→ Goal of the exercise:
Pictures stay out; print the rest of the listing below exactly as it stands.
:: Material provided
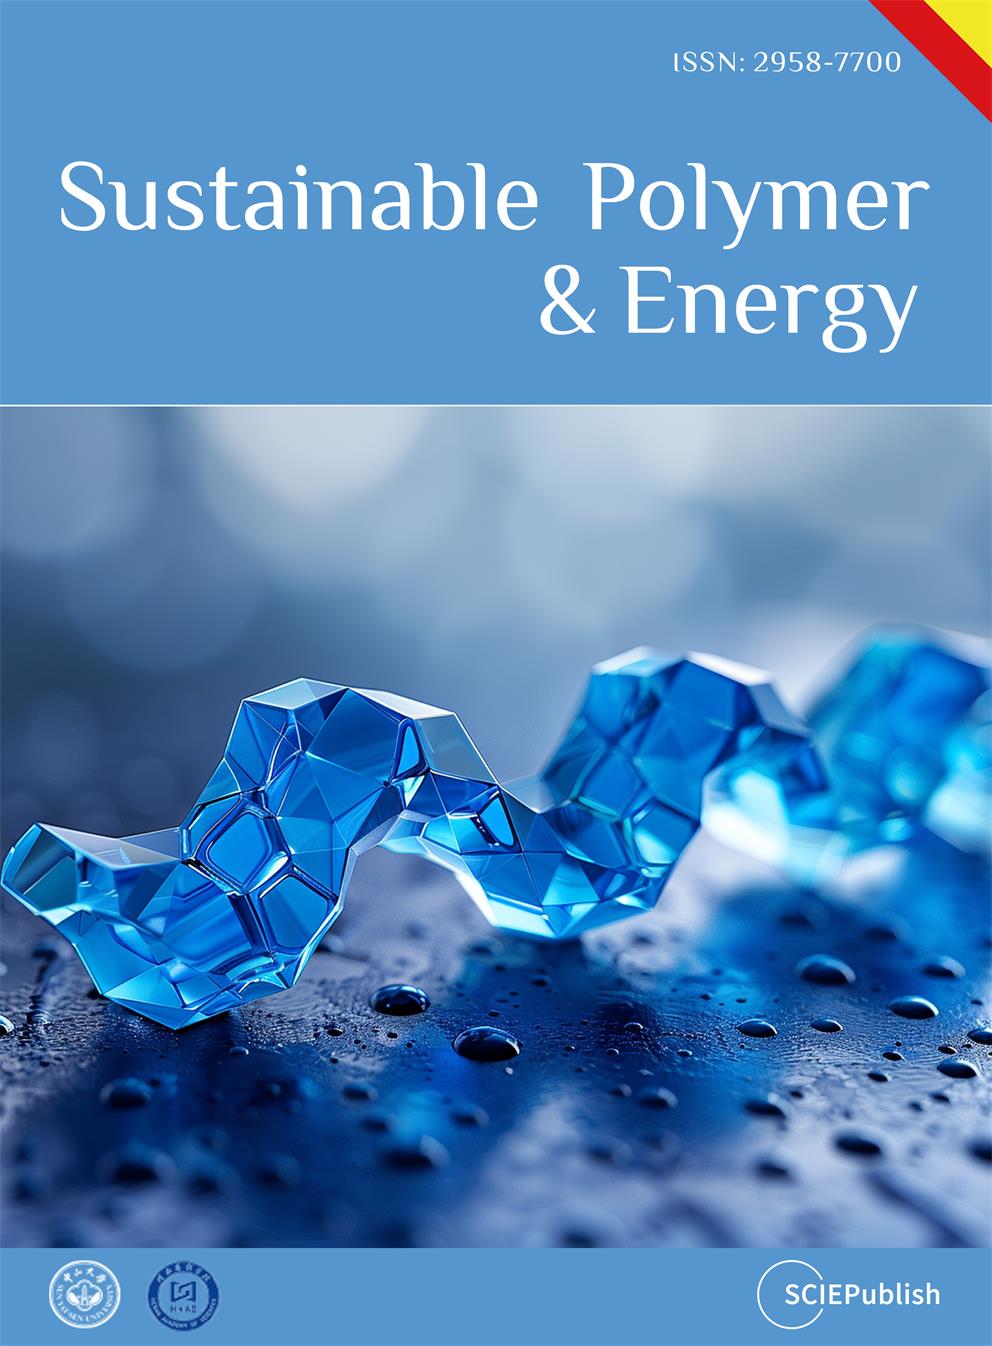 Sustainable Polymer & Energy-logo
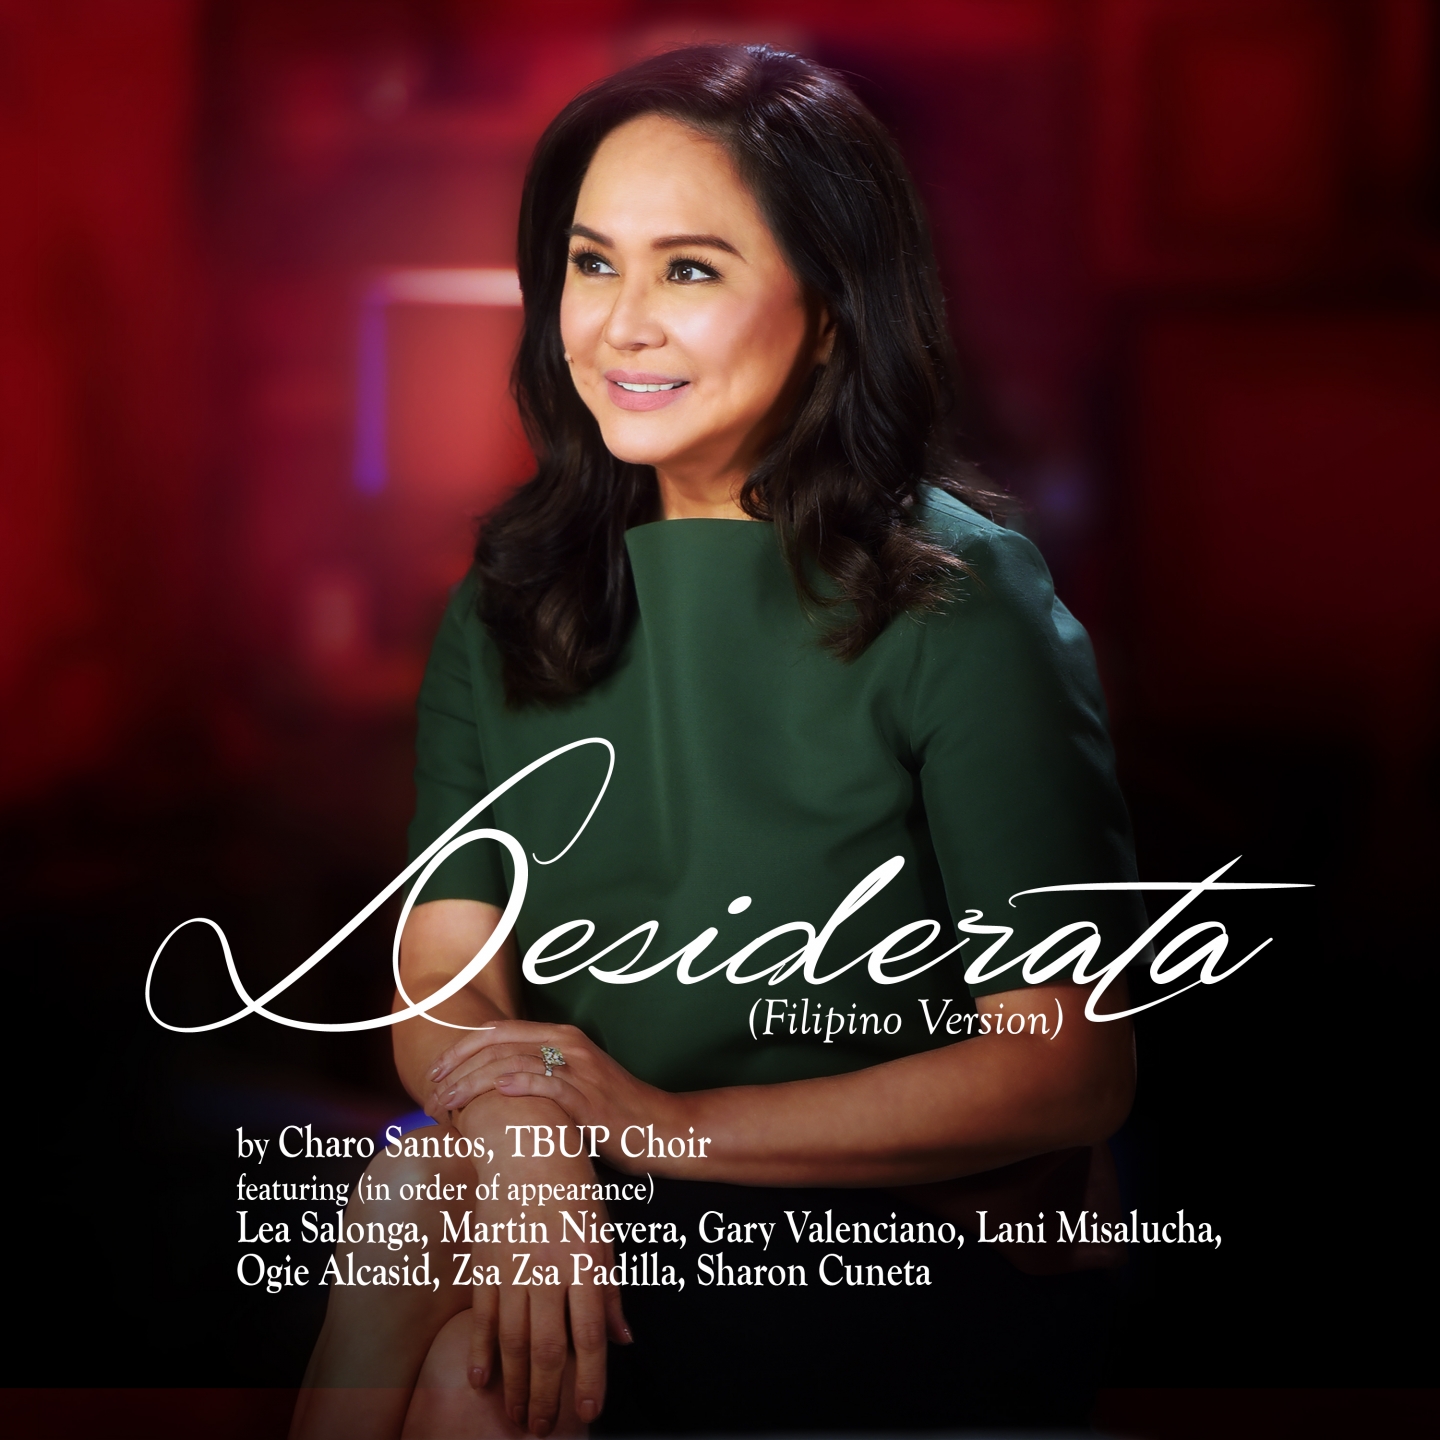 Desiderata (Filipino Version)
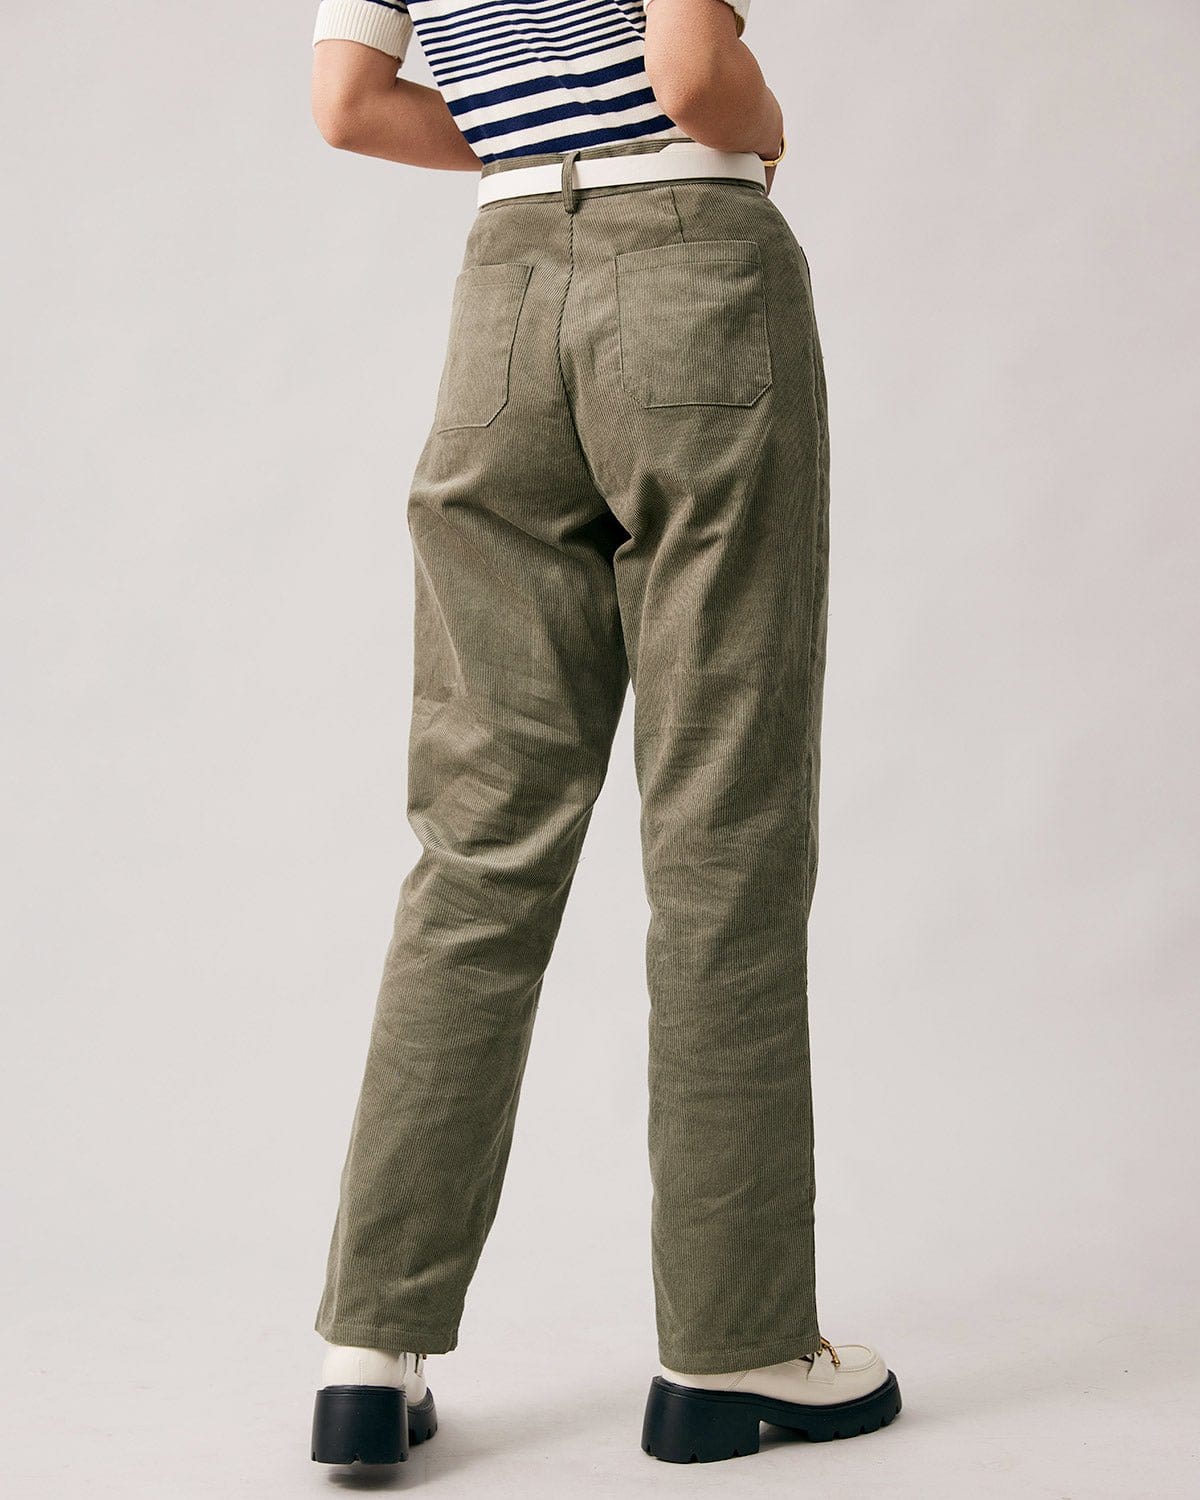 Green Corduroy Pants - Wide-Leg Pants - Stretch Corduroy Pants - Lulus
::::
→ Reply:
 Sustainable Polymer & Energy-logo
 Desiderata (Filipino Version)
 Green Corduroy Pants - Wide-Leg Pants - Stretch Corduroy Pants - Lulus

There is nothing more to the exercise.